Also...diesen Thread könntet ihr höchstens noch benutzem um mich auszulachen, oder mir Tipps geben, wie ich die Versicherung am besten verarschen kann, sprich größere Festplatte  

NeNe, des schaff ich schon alleine...


----------



## MiLa (29. September 2003)

Als kleinen, aber "WICHTIGEN" Nachtrag, ich habe heute folgende Seite gefunden:

http://www.support-office.de

Das Angebot zur Datenrettung auf der Seite hört sich echt fair an, ich denke, dass ich das Angebot auf jeden Fall nutzen werde.
SO überteuert, wie wir gemutmaaßt haben scheint es ja doch nicht zu sein, war zwar auch etwas überrascht, dass es auch so billig geht, aber ich werds nutzen.

MfG Larsi


----------



## vipey (29. September 2003)

Also ein deiner Stelle würd ich aufhören zu träumen.
Die Analyse kostet 60€, es gibt auch Firme, die das kostenlos machen.
Die Datenrettung an sich kostet weit über 1000€.

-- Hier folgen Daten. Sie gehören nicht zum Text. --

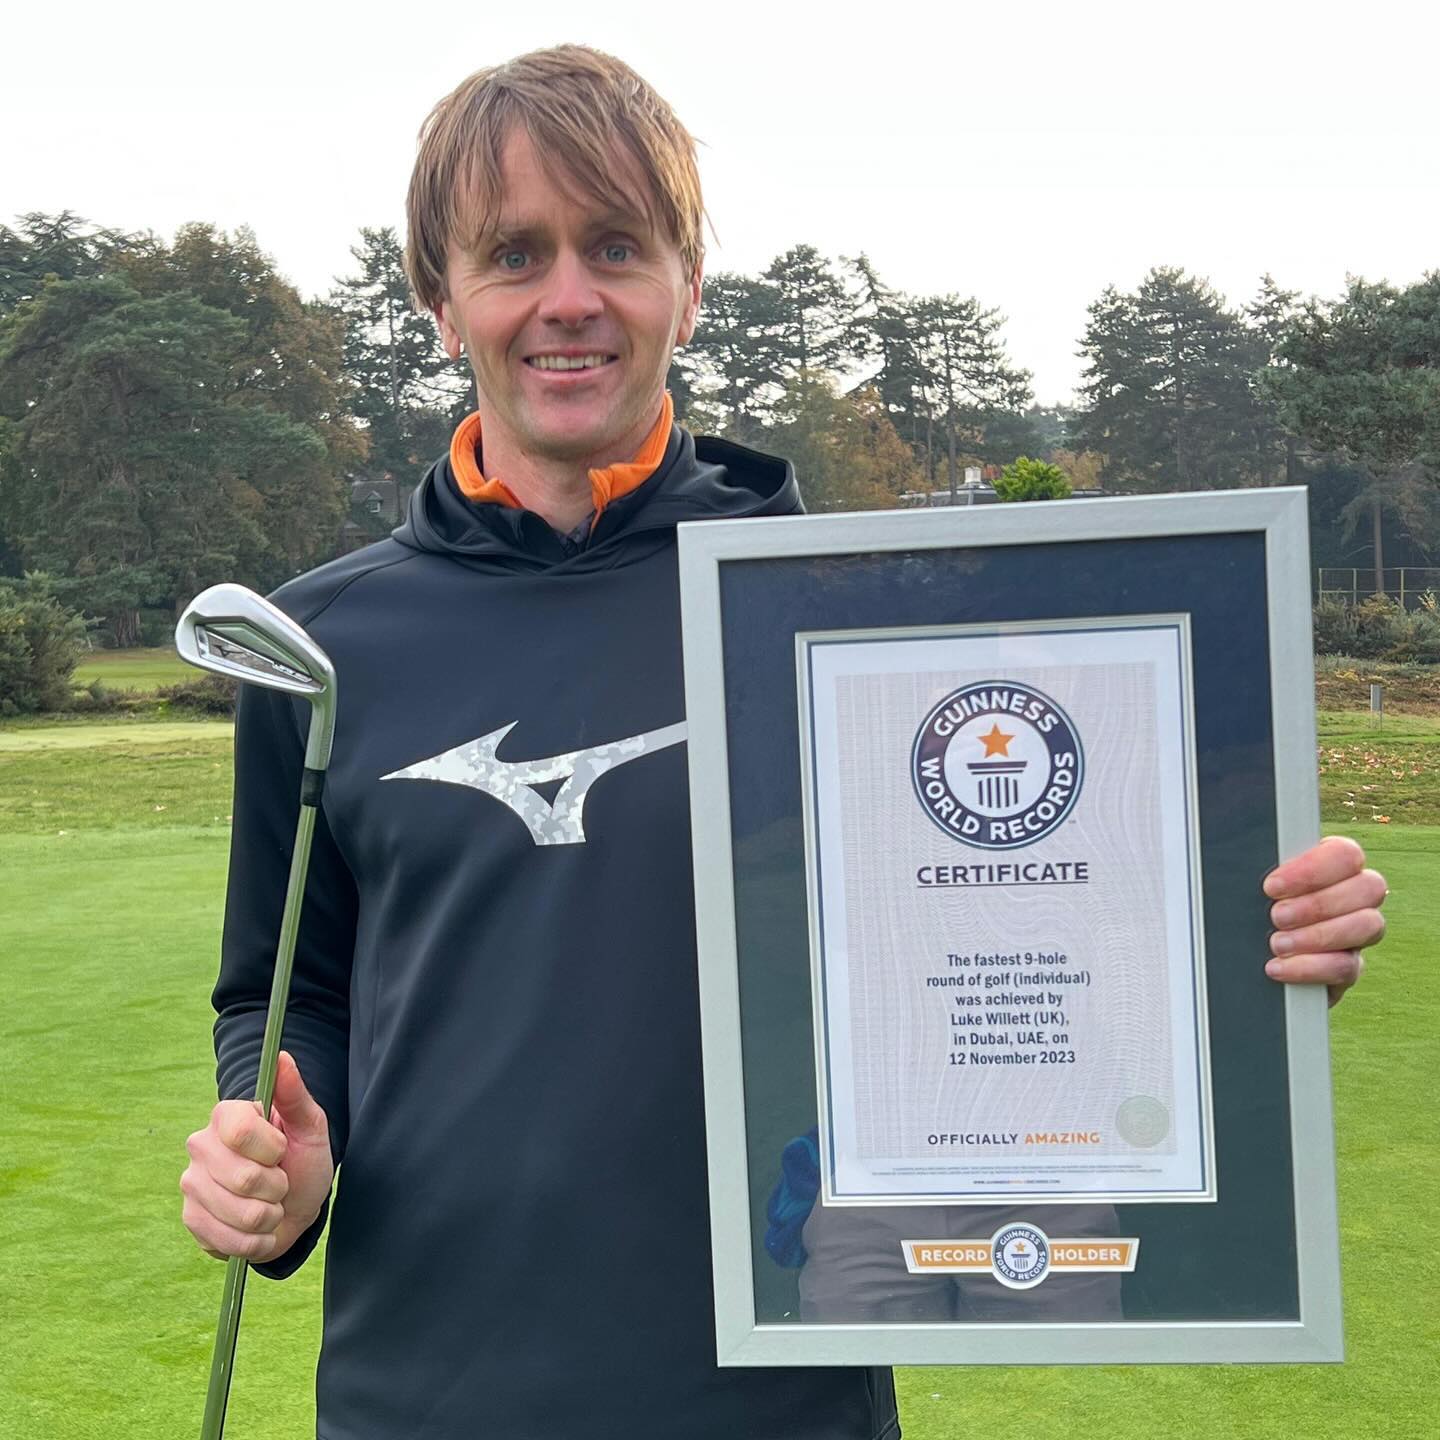 Luke Willett is ’s werelds snelste golfer - Blog

Mir ist meine 40 GB Platte abgeraucht, Lese-/Schreibkopf hat die Magnetscheibe kaputt gemacht oder so. Ein Unternehmen gefunden, das die Analyse kostenlos macht. Datenrettung kostet: 1600€. Eine andere Firma hat mir n Angebot von 900€ gemacht, das ganze jedoch nur weil ich Schüler bin.

Auf meiner Festplatte waren Dateien mit einem ungefähren Gesamtwert von 7 500€. Das ist aber kein sicheres Geld also wollte mir das keiner Vorstrecken usw.

Deine Firma da macht einen verbindlichen! Kostenvoranschlag. Das ist absolut inakzeptabel.


----------



## MiLa (29. September 2003)

Hm...stimmt auch wieder, 
ich werd einfach mal anfragen...
Was das denn so ca. bei denen  kosten würde, mal sehen...

Ich halt euch auf dem Laufenden...


----------